Doch welche Sparsummen sind allein schon mit der geplanten staatlichen Förderung möglich? In der Grafik sind beispielhaft die Ergebnisse von drei ausgewählten Szenarien zur Wertentwicklung dargestellt, die auf Basis finanzmathematisch anerkannter Methoden ermittelt wurden. Dabei wird auf den MSCI World Net Return Index Bezug genommen, der in Euro gerechnet wird und viele verschiedene Anlagen beinhaltet.2 Gezeigt werden also drei Ansparphasen mit monatlich zehn Euro Einzahlungen über zwölf Jahre (6. bis 18. Lebensjahr), anschließend 49 Jahre Wertentwicklung ohne weitere private Einzahlungen (bis zum Renteneintrittsalter von 67 Jahren). Durch die drei unterschiedlichen jährlichen Renditewerte – sowohl bei der Einzahlungsdauer von 12 Jahren, als auch bei der Anlagedauer von 49 Jahren – wird die Wirkung langfristigen Sparens auf dem Kapitalmarkt deutlich. Eine kürzere Laufzeit führt dazu, dass die Renditen stärker variieren können. Somit sind die Chancen auf sehr gute oder sehr schlechte Renditen bei kürzeren Laufzeiten höher.
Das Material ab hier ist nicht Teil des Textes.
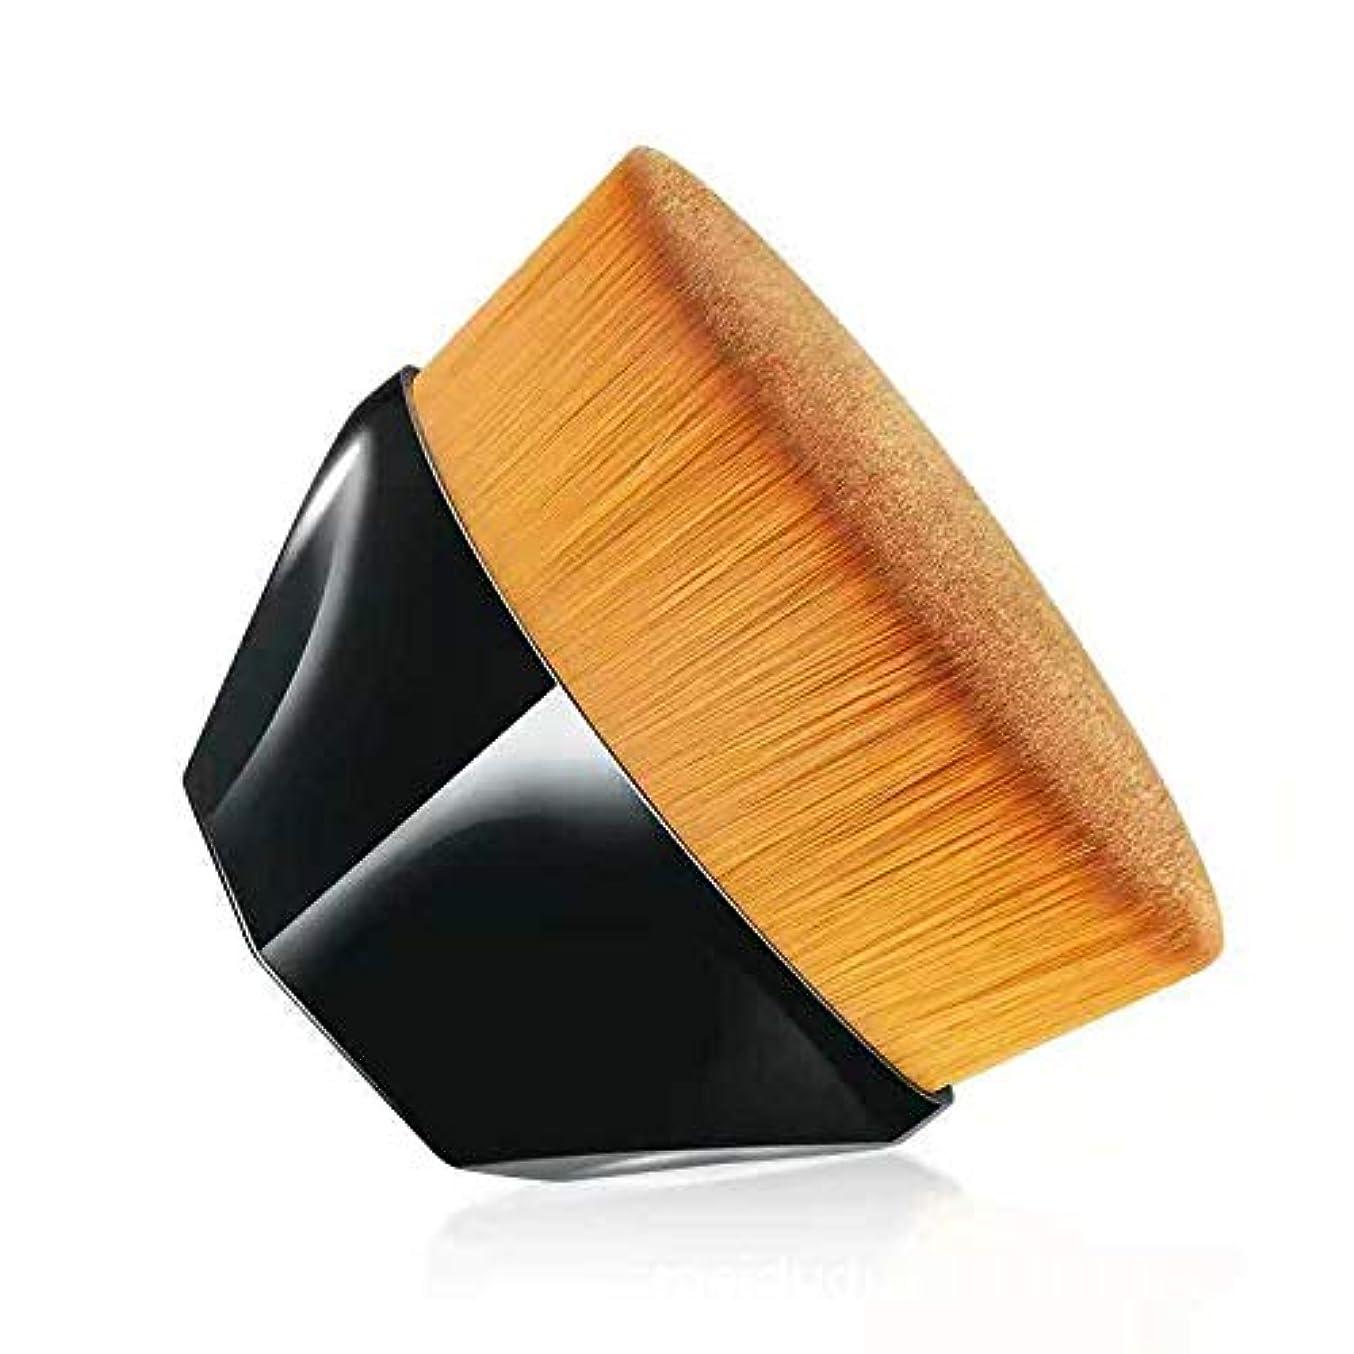 立法なんとなく逆柔らかい高級繊維毛化粧ブラシ 携帯便利メイクアップブラシ 肌にやさしいファンデーションブラシ 化粧筆 (ブラック)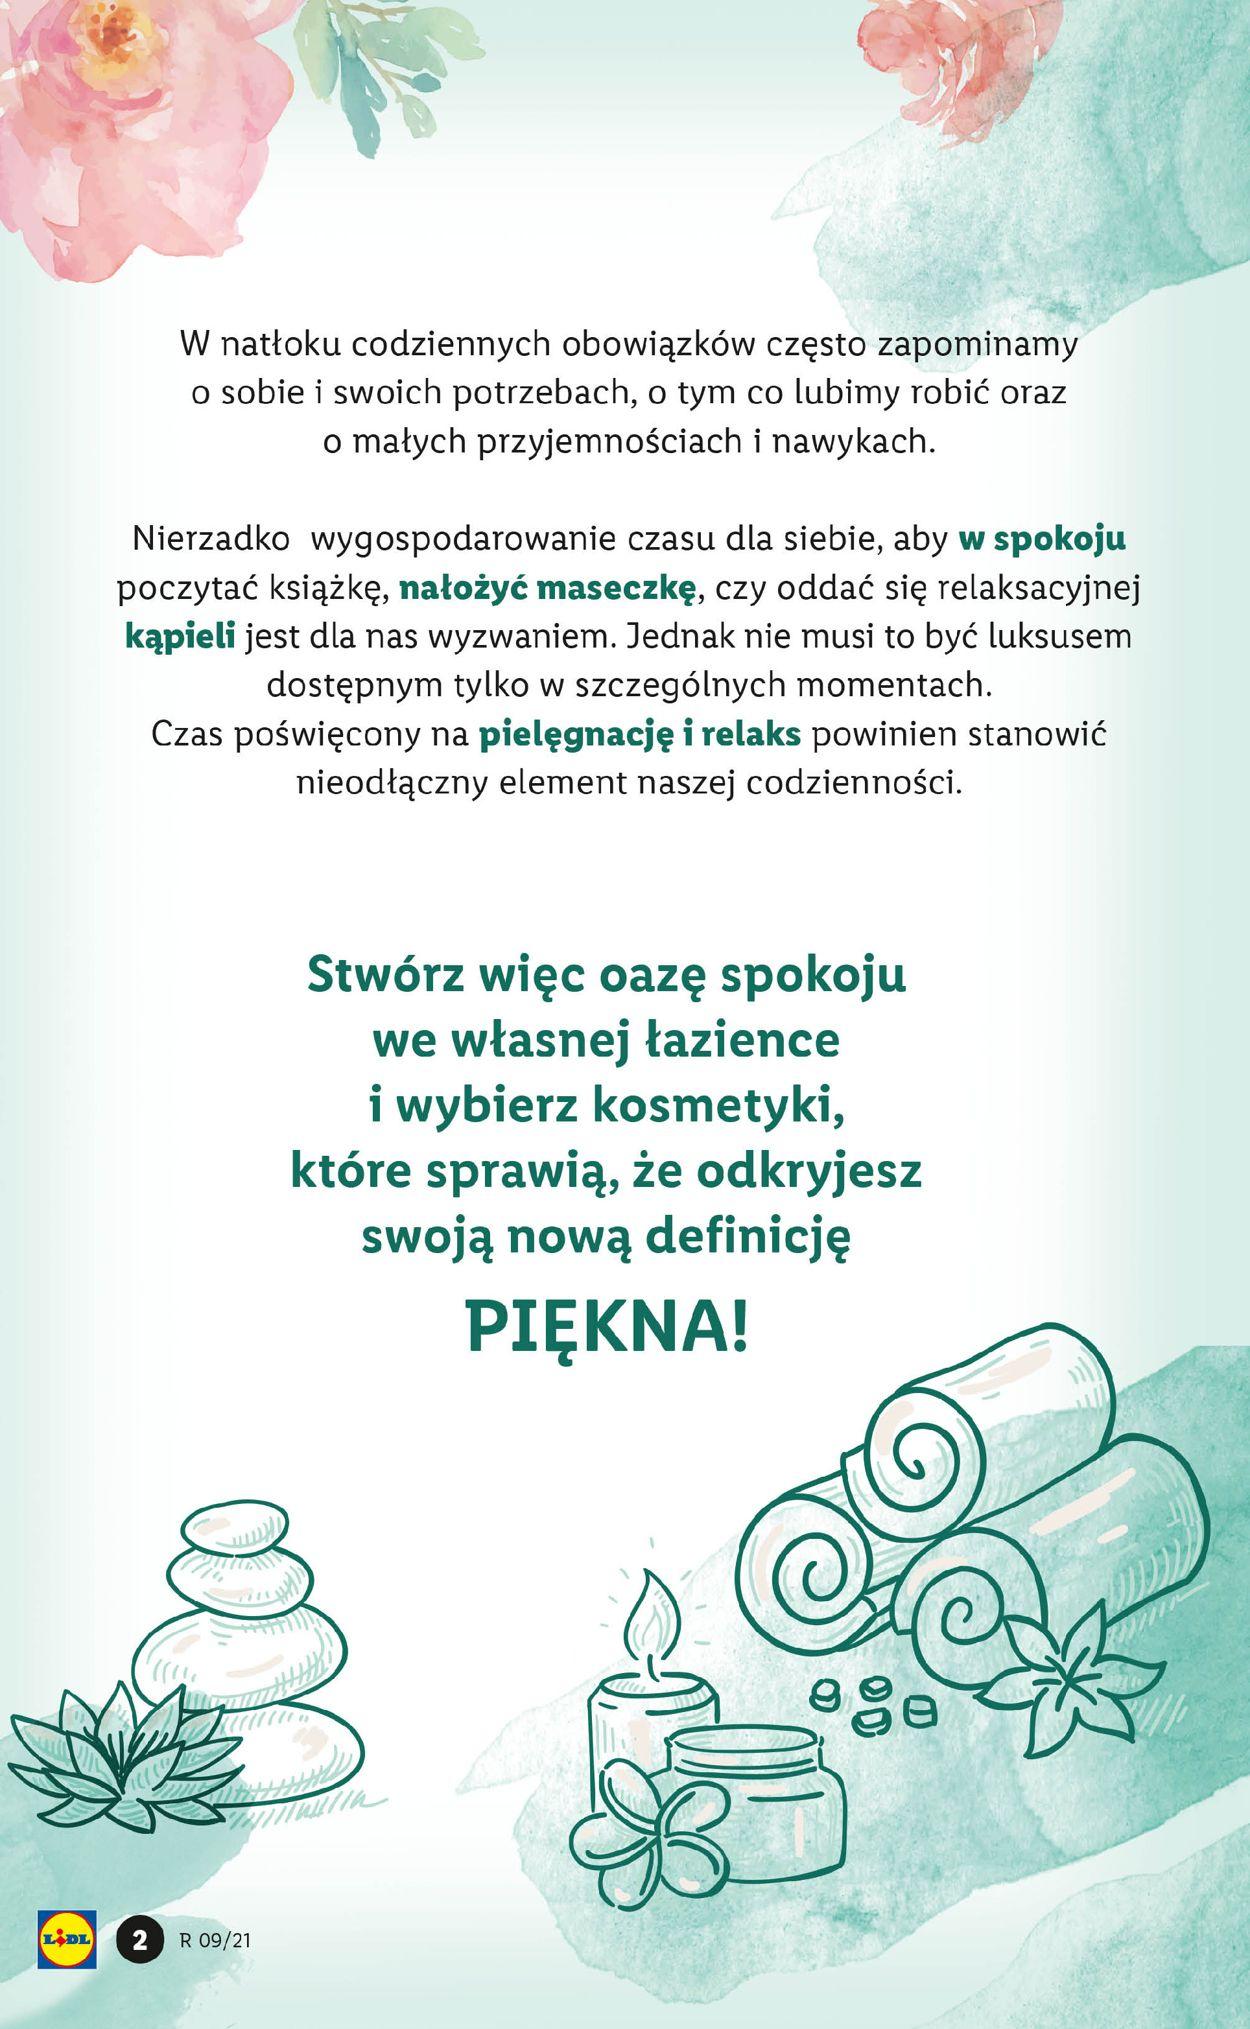 Gazetka promocyjna LIDL - 03.03-09.03.2021 (Strona 2)

Diese modellhaften Berechnungen veranschaulichen, wie wichtig ein früher Start sowie ein planvolles und regelmäßiges Sparen sein können. Selbst kleine Beträge entwickeln durch den Zinseszinseffekt eine enorme Kraft und können den Grundstein für eine sorglosere finanzielle Zukunft legen. Gleichwohl ist nicht auszuschließen, dass es bei ungünstigen Marktbedingungen am Ende der Ansparzeit zu Vermögensverlusten kommen kann oder dass Sparziele nicht erreicht werden können.
Niemand kann in die Zukunft blicken, aber man kann finanziell vorbereitet sein. Eine Möglichkeit ist, regelmäßig Geld zu sparen und dieses in chancenreiche Anlageformen wie Aktienfonds zu investieren, auch wenn damit mehr Risiken einhergehen. Wer sich dafür interessiert, kann sich auf der Privatkundenseite von Union Investment zur Frühstart-Rente informieren und sich bei Ihrem Berater aus der genossenschaftlichen Bankengruppe zum Thema Fondssparen beraten lassen.
Bitte lesen Sie den Disclaimer.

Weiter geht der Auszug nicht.